Вечером после работы, купив для разговора золотисто-коричневую бутылку четырехзвездочного «Арарата», Дубравин появился в закрытой гостинице центрального комитета. Гостиница называлась «Достык», что в переводе с казахского на русский значит «Дружба». И оказалась шикарной. Паркет, черные дубовые двери, чешские люстры, солидные кожаные диваны, импортная сантехника, вышколенная обслуга. Здесь останавливались исключительно партийные бонзы. А заведующий корреспондентской сетью центральной молодежной газеты оказался простым и понятным мужиком. Щуплый, невысокого роста, с морщинистым, побитым оспой лицом и светло-голубыми, все понимающими глазами.
Он никак не вписывался в интерьер элитной, партийной гостиницы.
Увидев его, Дубравин, доселе сомневавшийся, облегченно вздохнул: «Правильно я сделал, что взял коньячок».
Они немедленно уговорили бутылочку. А через неделю Дубравина уже вызвали в Москву.
Условия оказались простыми. Надо было доказать, что он способен работать на высоком уровне. И для этого написать пару «гвоздей» — статей, которые вызовут резонанс. Тему предлагали любую.
Дубравин взял письмо из текущей редакционной почты. И поехал в северный город Великий Устюг в речное училище, где процветала дедовщина. Там ему пришлось поработать, можно сказать, следователем, выбивая из курсантов правду. Но отступать уже некуда. И заметку он сделал. Конечно, ее долго правили и кромсали в отделах и секретариате. Но, в конце концов, она вышла в свет.

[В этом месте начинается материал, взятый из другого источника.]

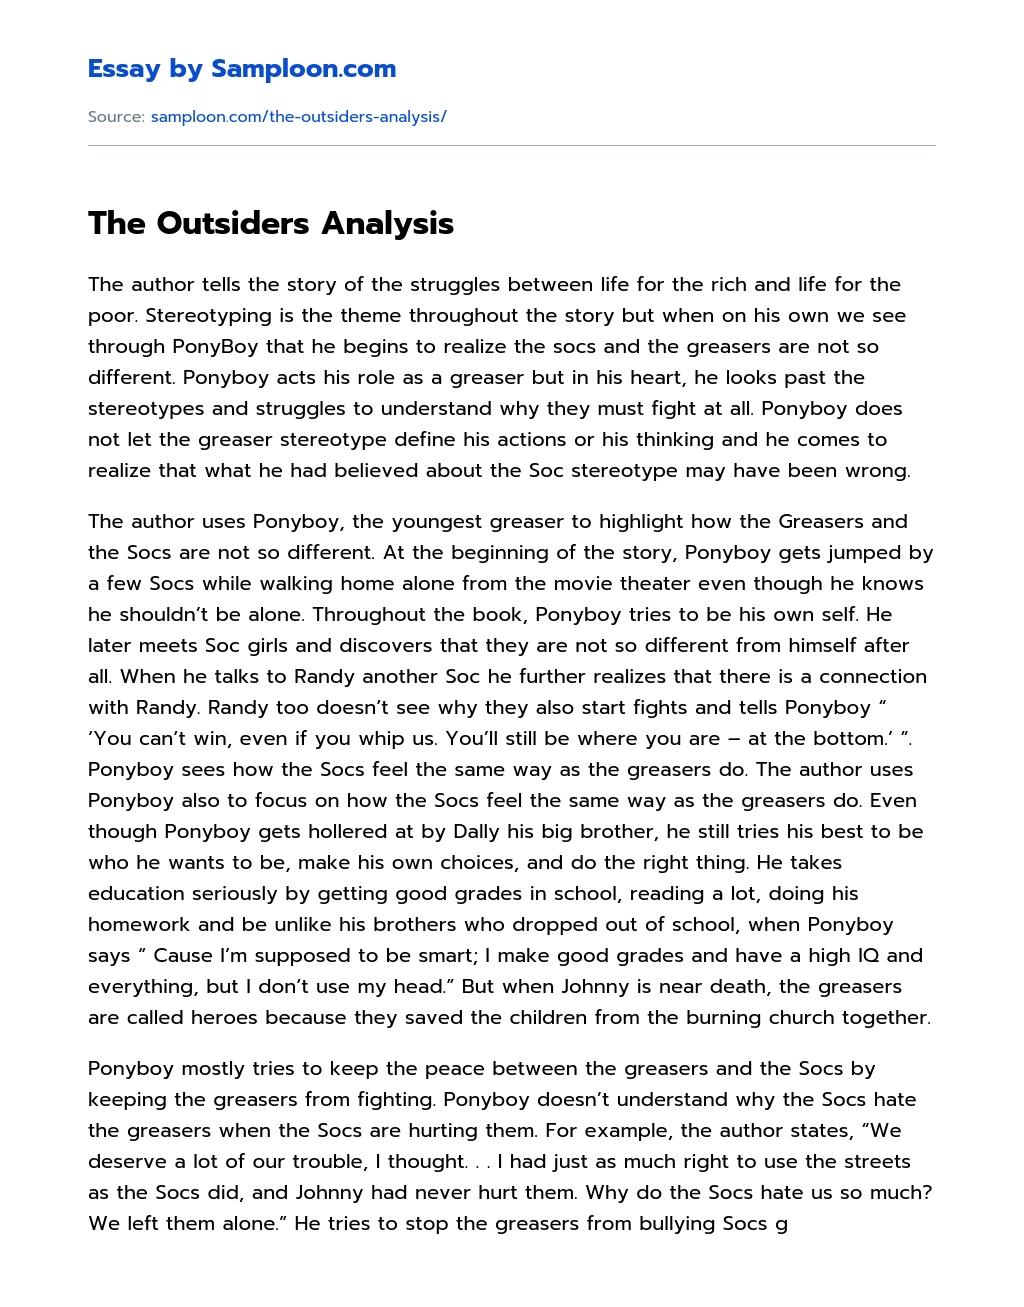 The Outsiders Analysis essay

И однажды утром на экране телевизора Дубравин увидел багрово-толстого генерала, который, размахивая газетой с его статьей, вещал:
— А вот у нас в армии такого нет!
Это был резонанс. И сладкий вкус славы первооткрывателя темы. Ему захотелось еще. Работая в своем техническом журнале, он знал такое, чего обычные журналисты не ведали. И рискнул «вынести сор из избы». Рассказал, как миллионами расхищается выручка в автобусах дальнего следования. Так сказать, «вскрыл механизм».
Скандал разгорелся еще тот! Все министерство гудело, как улей.
Так он попал во всесоюзную молодежную газету. Собственным корреспондентом.
Тому минуло два месяца.
Но попасть — это полдела. Надо проявить себя. Доказать, что ты не зря занимаешь пространство под солнцем.
А доказывать приходилось в ежедневной конкурентной борьбе за место на полосе. Полос всего четыре. А желающих напечататься — сотня.
Никогда еще Дубравин не вкалывал так, как сейчас. Журнальная каторга сменилась «соляными копями» и «урановыми рудниками», где, по меткому выражению известного поэта, «в грамм добыча, в годы труды». Приходилось ломать себя, биться над каждым абзацем, над каждым словом, чтобы выйти на новый уровень письма. Стать мастером.
Правили его беспощадно. В молодежную газету со всего Союза собирали самых амбициозных, самых лучших. А они не стеснялись, давая новичкам оценки.
Он за это время уже успел съездить по тропе наркоманов в Чуйскую долину, поучаствовать в съезде местного комсомола, написать очерк о детском доме, статью о погибшем в степи чабане-подростке.
Но это была текучка. А хотелось прозвучать. И конечно, увидев утренний митинг, он сразу профессионально зацепился: «Тема или не тема для публикации».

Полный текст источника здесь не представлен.